I have a Google Sheet with data in cells F2 through F367. The data is all numbers, from 0 to 359, and represents wind direction, with 0 being the north and 270 being the west. I would like a formula to indicate the percentage of days that the wind is from the west, where the value is anywhere between 240 and 270 degrees. Can you provide that?

Figure D

The graphic shows that with a sufficiently detailed prompt, Bard can respond with a detailed code snippet containing a Google Sheets function.
With a sufficiently detailed prompt, Bard can respond with a detailed code snippet that contains Google Sheets functions. Not necessarily always accurate, this snippet can often serve as the basis for the exact formula you need.
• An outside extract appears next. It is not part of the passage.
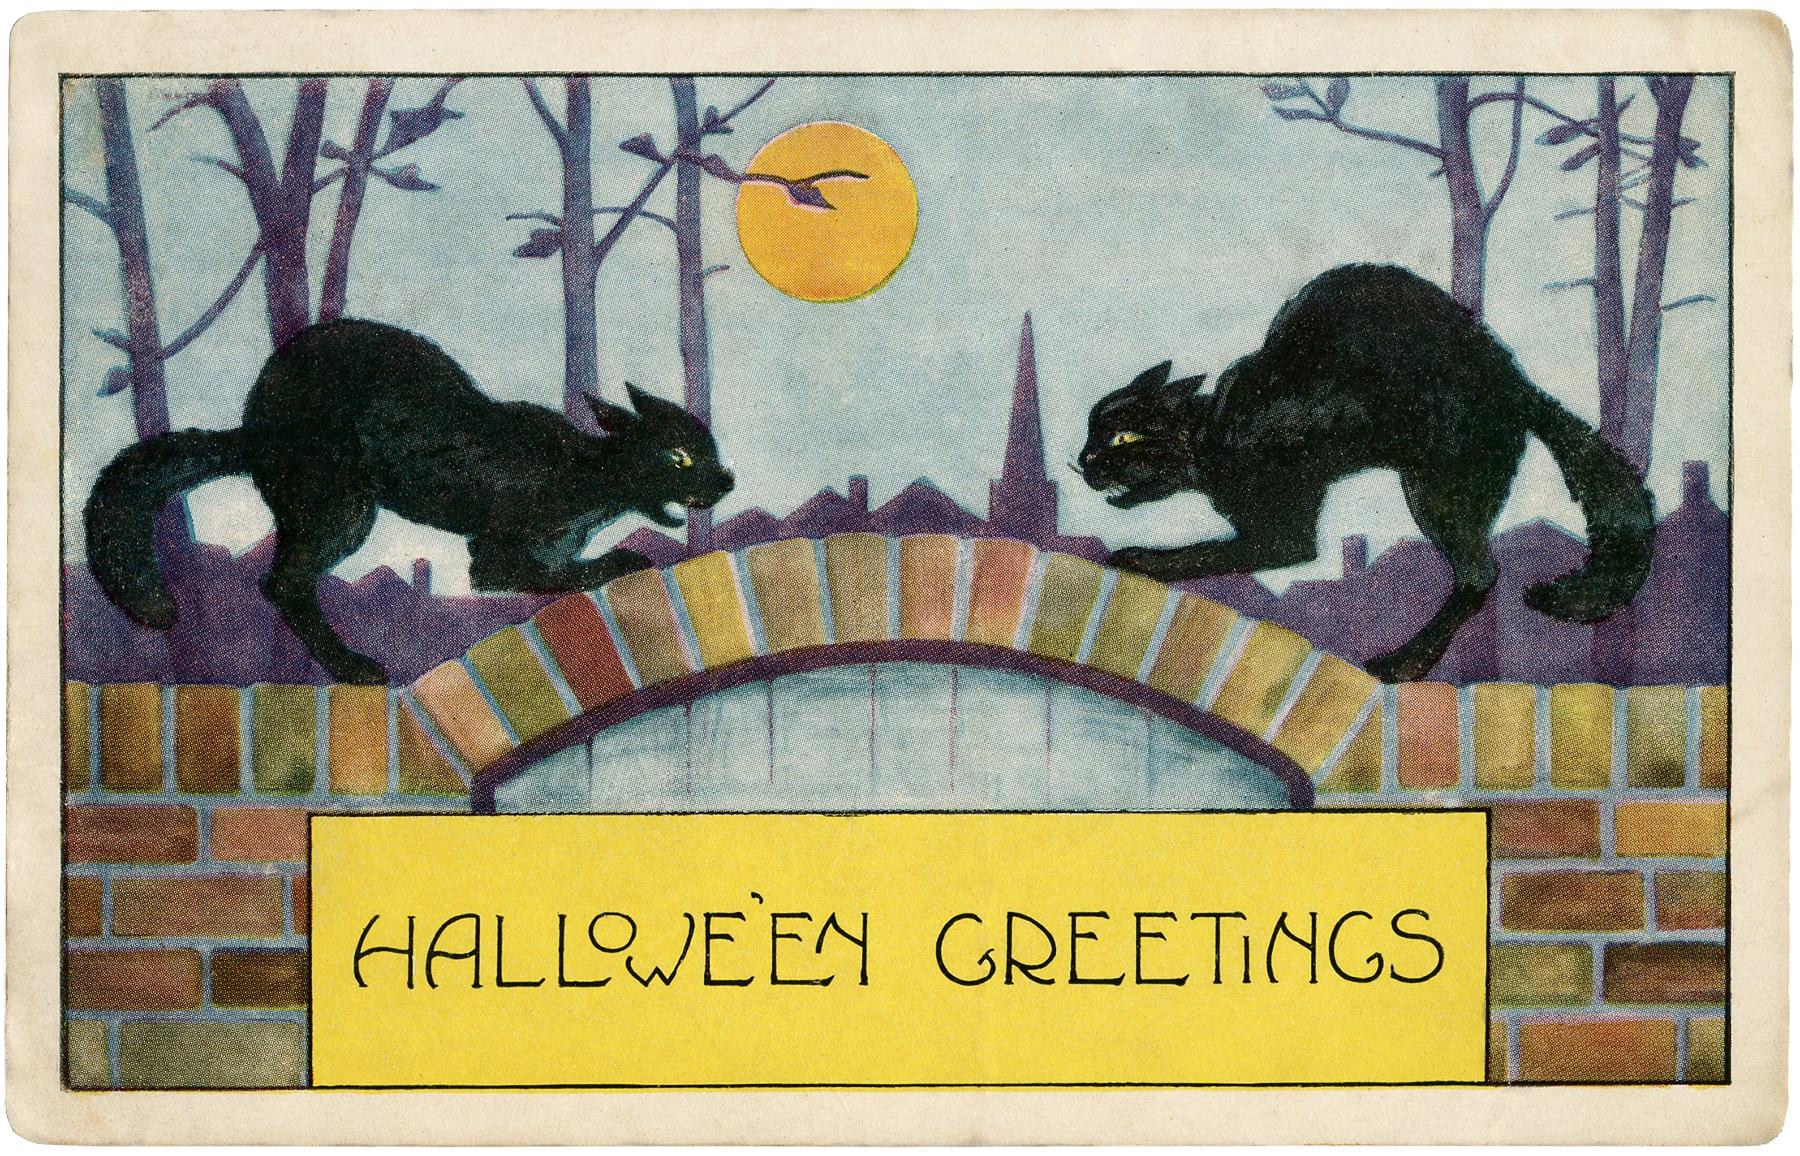 Free Halloween Black Cats Image The Graphics Fairy

The response returned a =COUNTIF formula that threw an error. After a quick review of the function, prompt again, essentially asking Bard to try again:

I think the range indicator portion needs to be different. Maybe a logical AND not a text field?

This time, the response contains a =COUNTIFS formula. Select the Copy Code button, switch to Google Sheets, navigate to the desired destination cell, and then select Edit and Paste to add the formula. This time, with some tweaking, the code snippet works as intended (Statistics e).

Statistics e

With minor modifications, the code snippet response provided by Bard delivers the desired computation.
With minor modifications, the code snippet response provided by Bard delivers the desired computation.

And that’s a good snapshot of how you need to work with Bard. If the initial feedback meets your needs, that’s great! But always take the time to check the results for accuracy and be prepared to re-cue – and cued differently – to provide more relevant, useful or accurate feedback.